▸ What to work on
Nothing but the lines from the one holding "Conejo Mountain Funeral" to the final line of the listing below, both included, should be repeated, and each must match exactly. Omit pictures.
[[ Dataset section open ]]
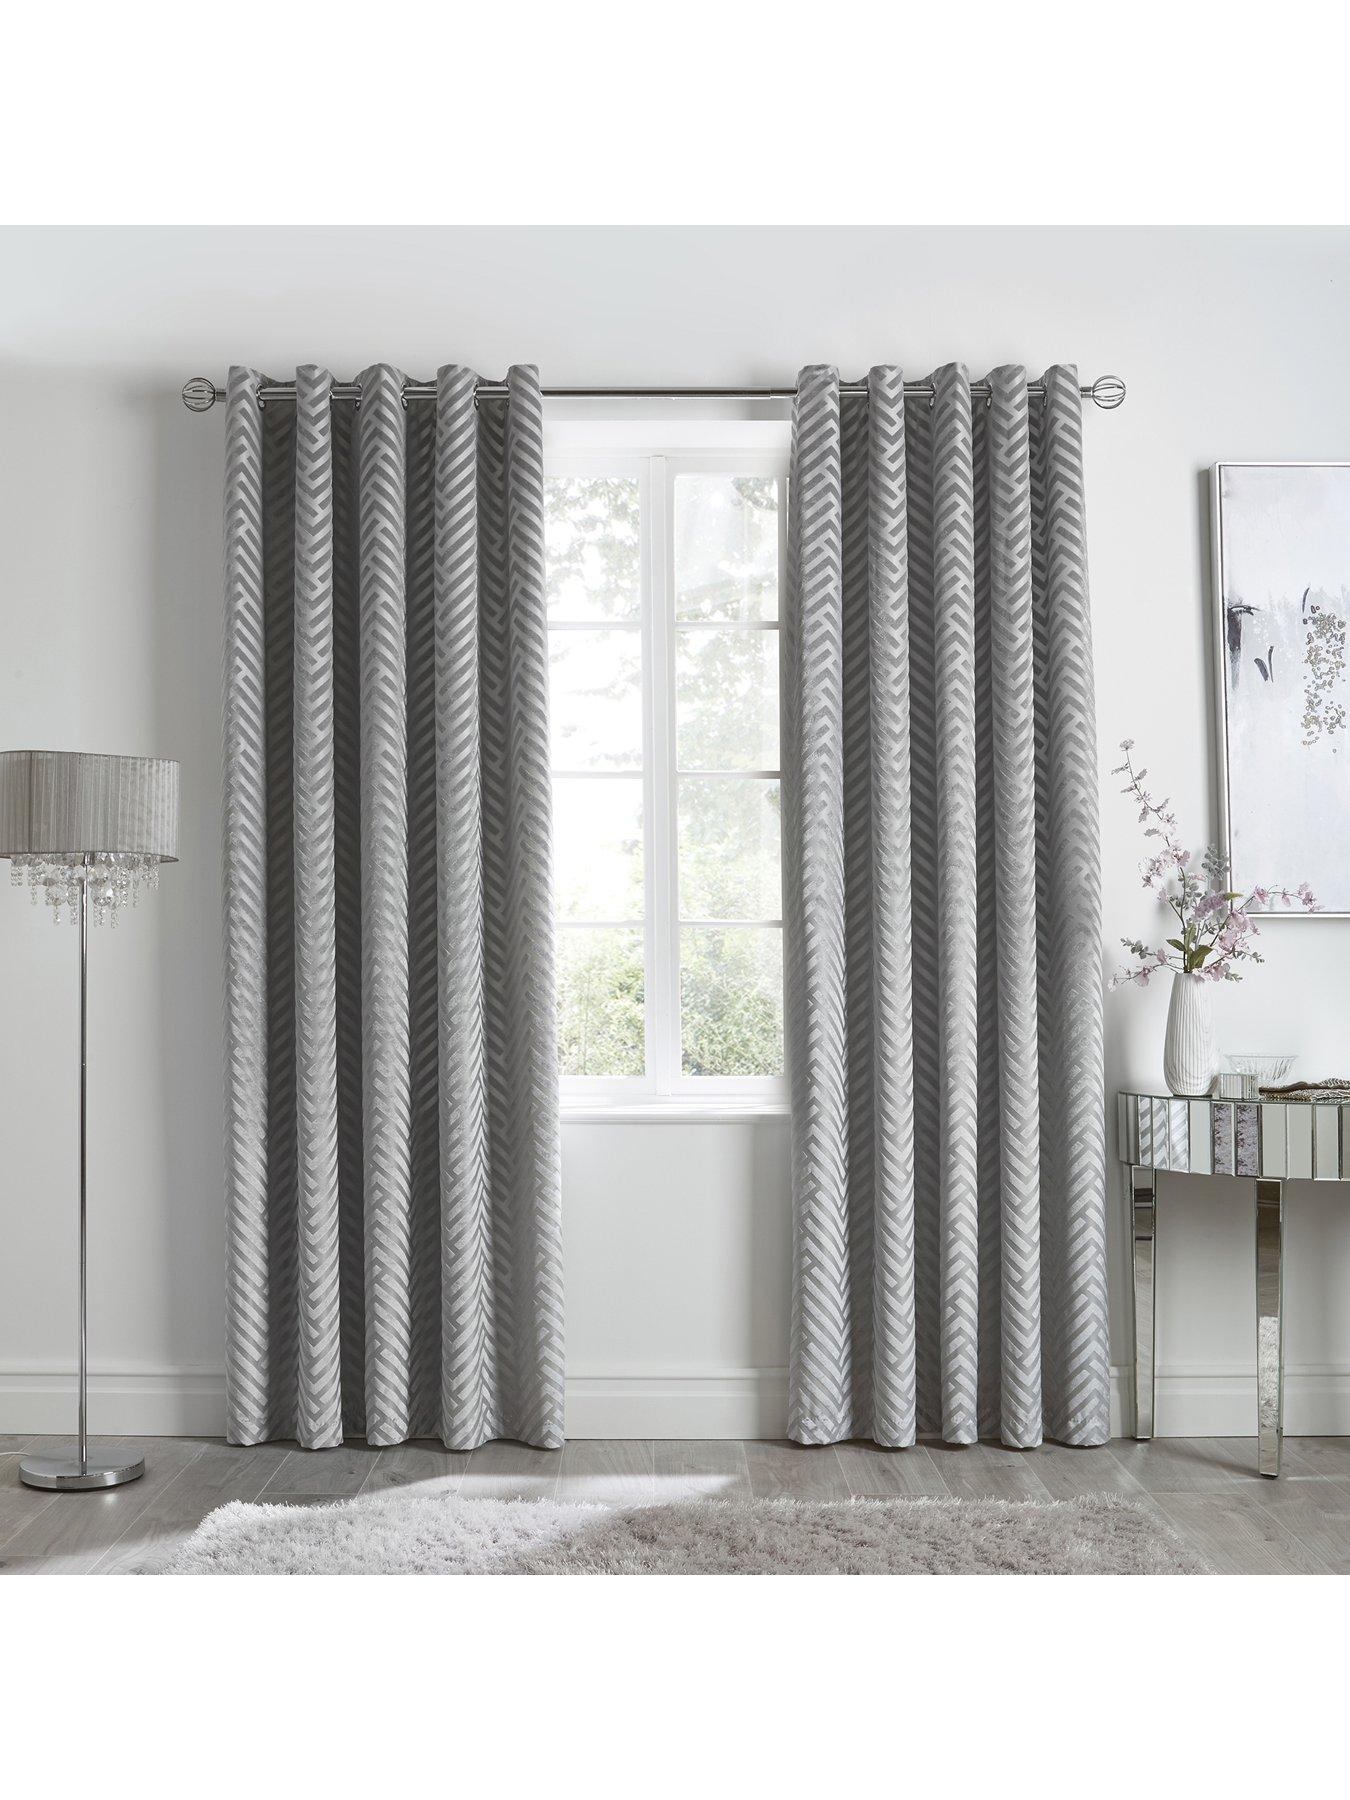 Intimates Riva Plain Woven Slot Top Voile Curtain Panel Cream, 59 W x 48 D
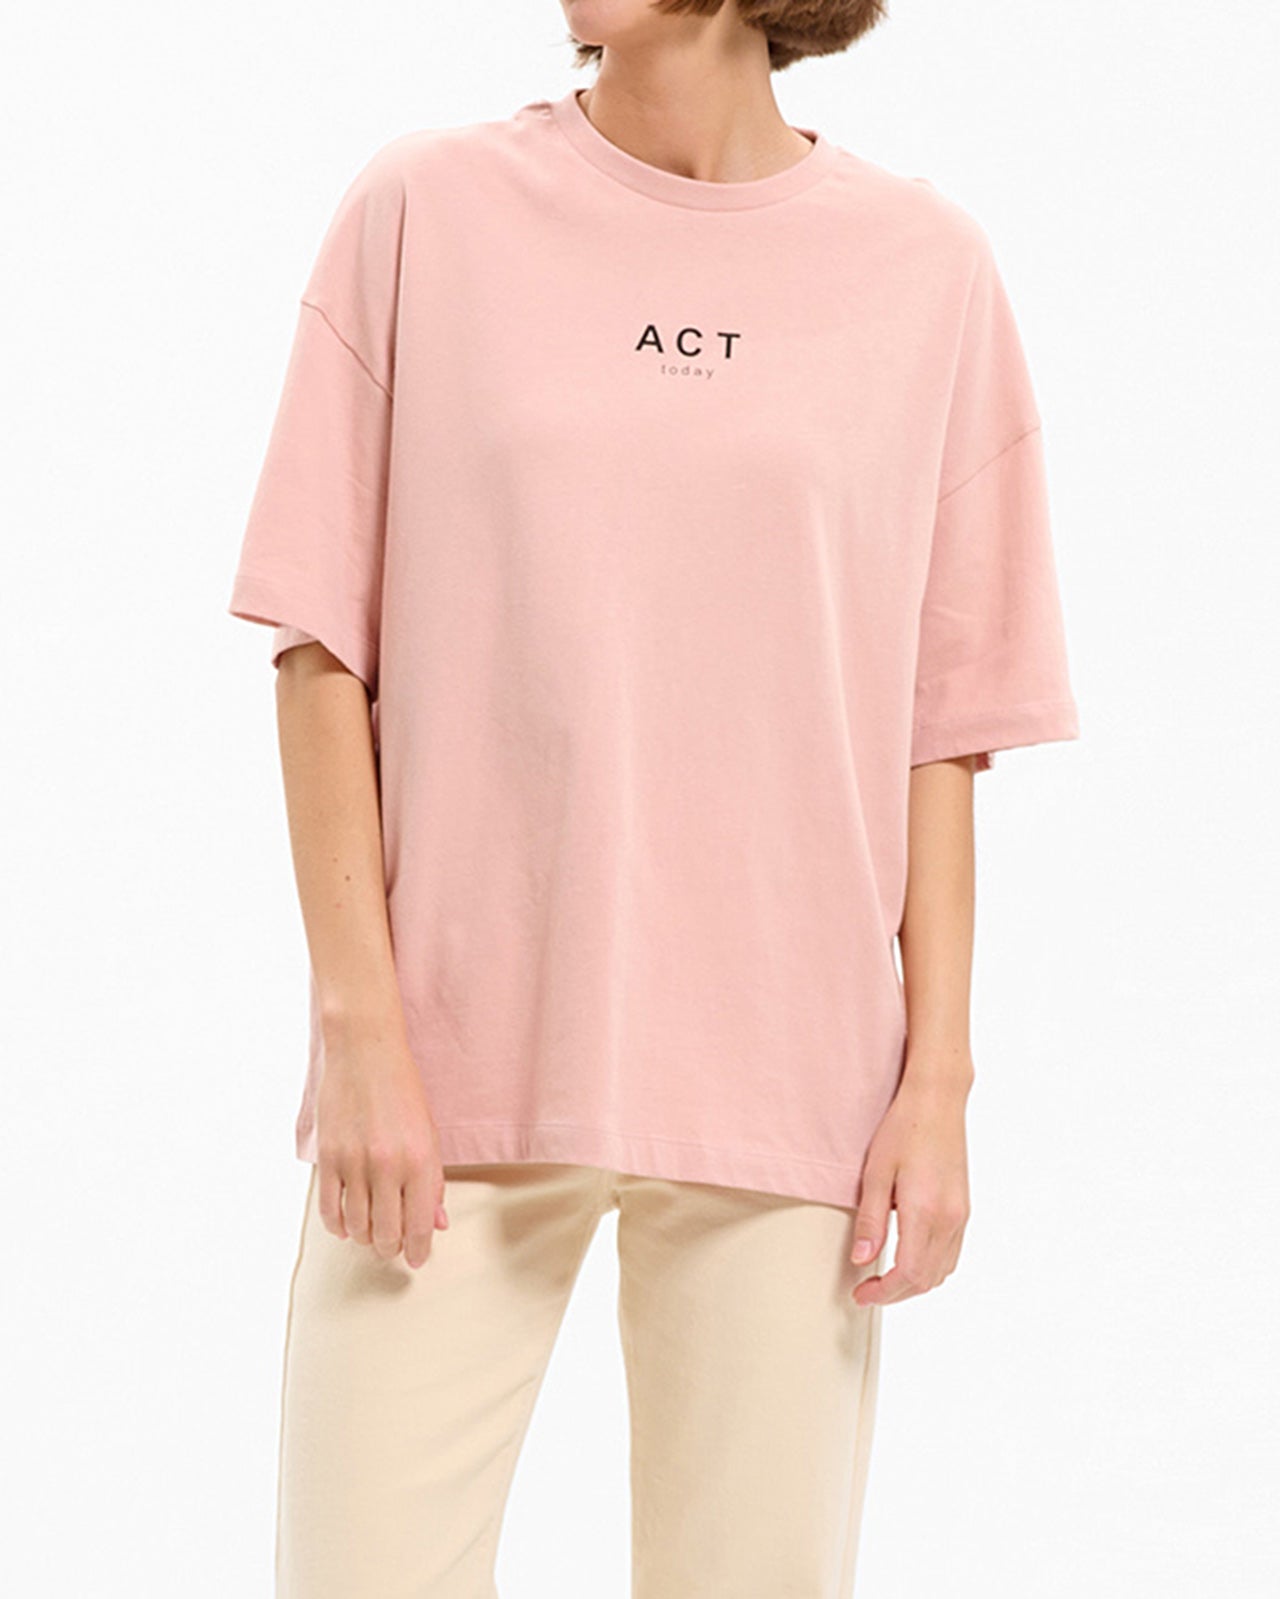 ACT today KIM t-shirt T-Shirt 425 Dust Rose
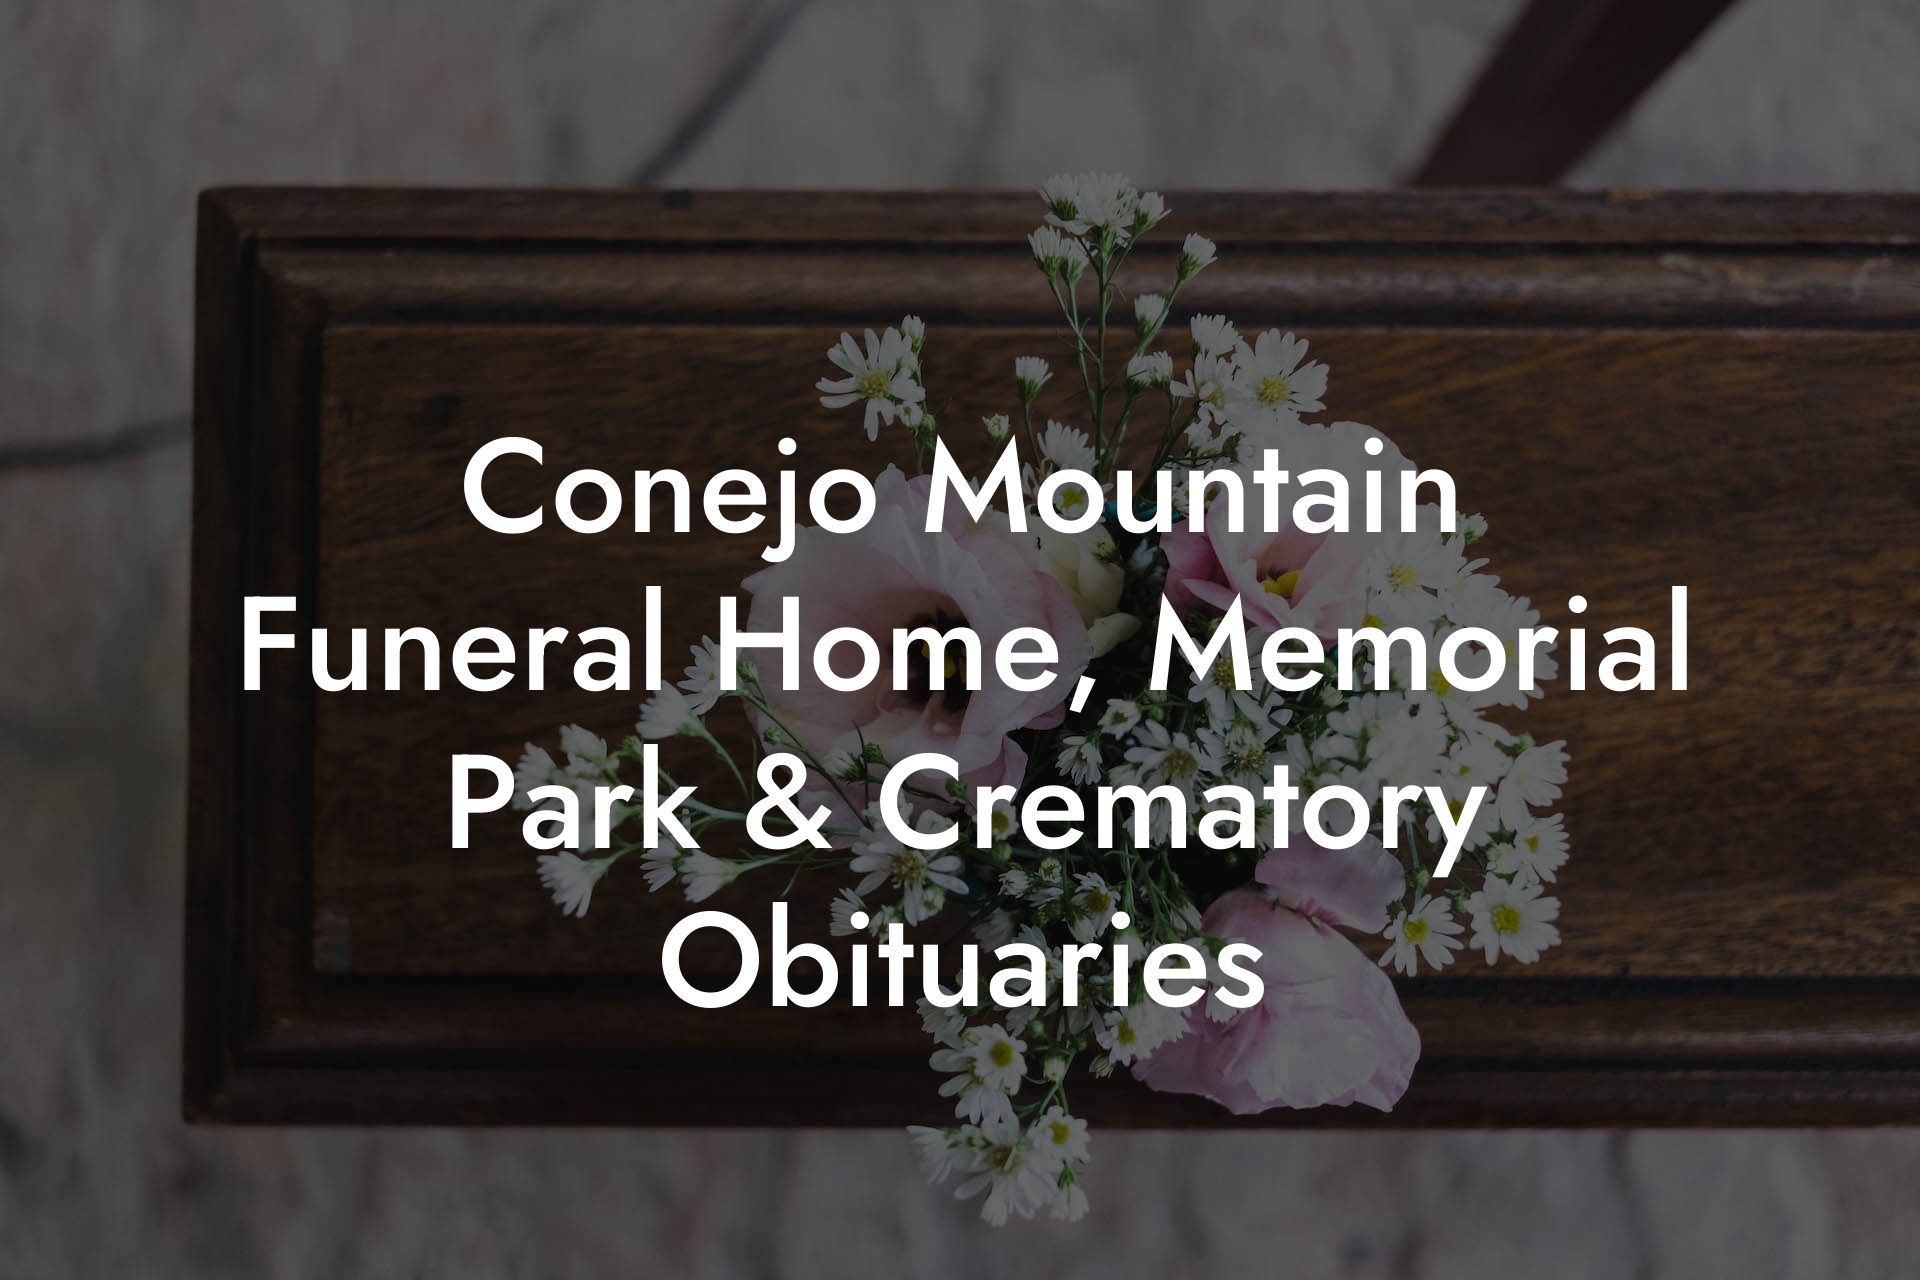 Conejo Mountain Funeral Home, Memorial Park & Crematory Obituaries
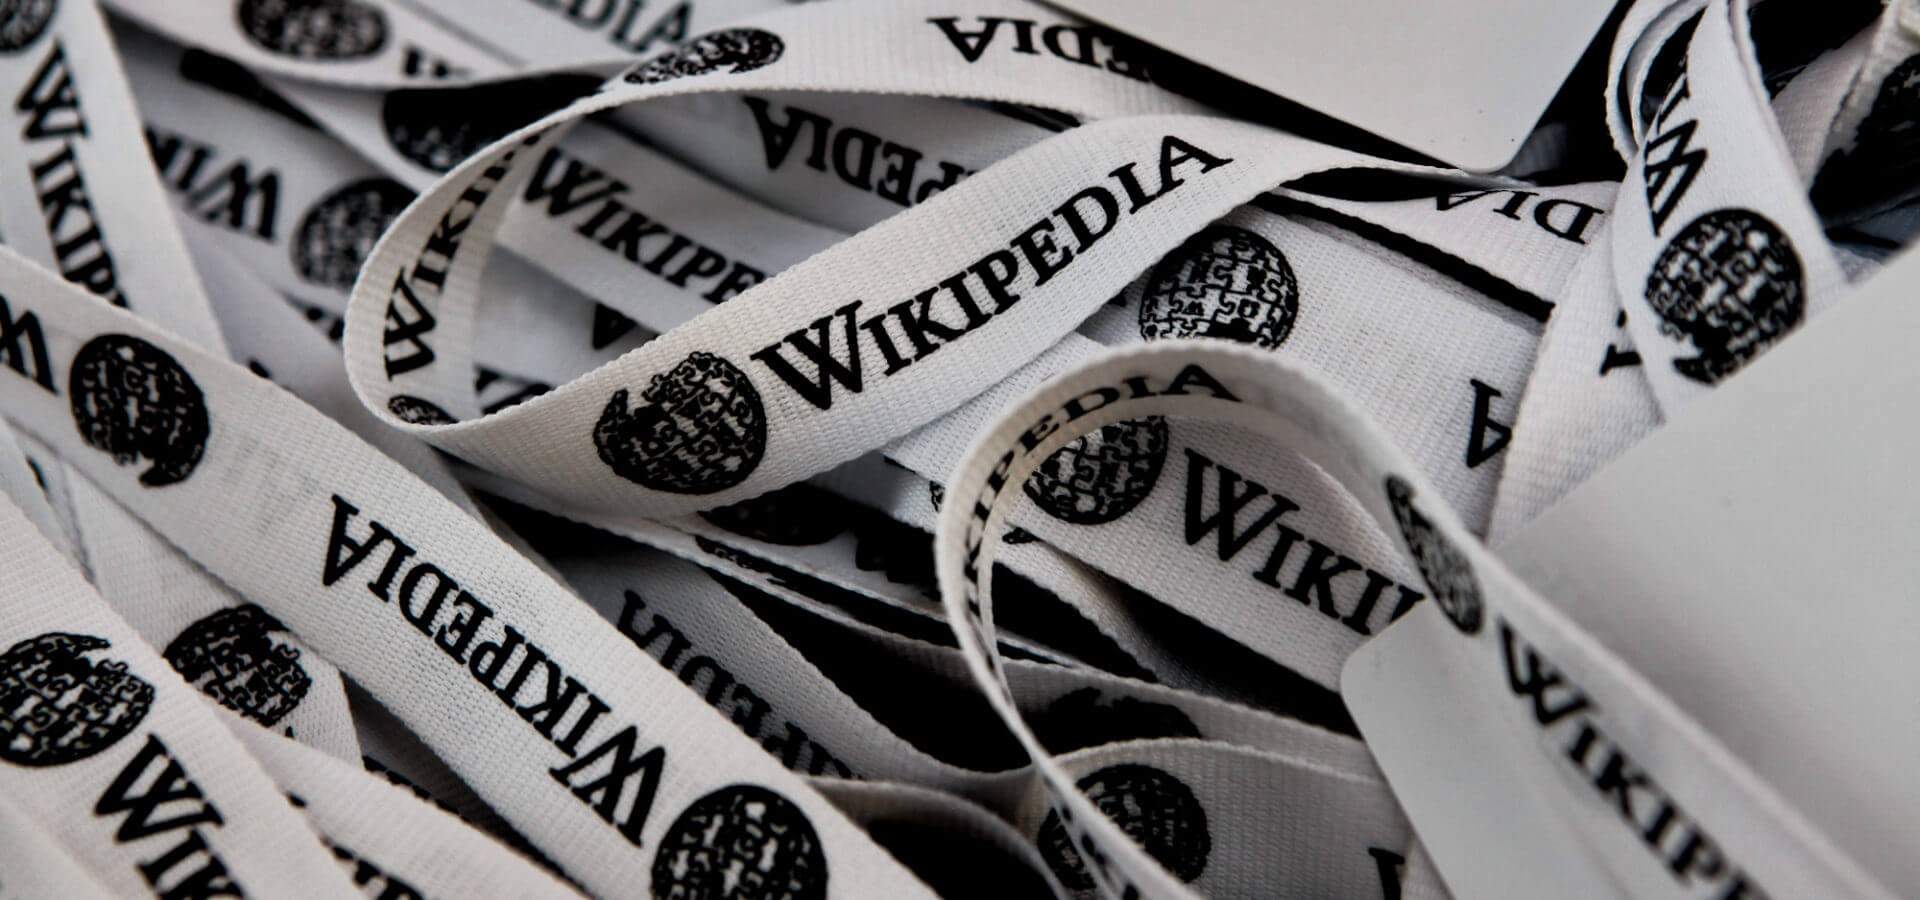 Phillip Cross The Mystery Wikipedia Editor Targeting Anti War Sites
[[ Dataset section closed ]]
▸ Response below
 Conejo Mountain Funeral Home, Memorial Park & Crematory Obituaries
 Phillip Cross The Mystery Wikipedia Editor Targeting Anti War Sites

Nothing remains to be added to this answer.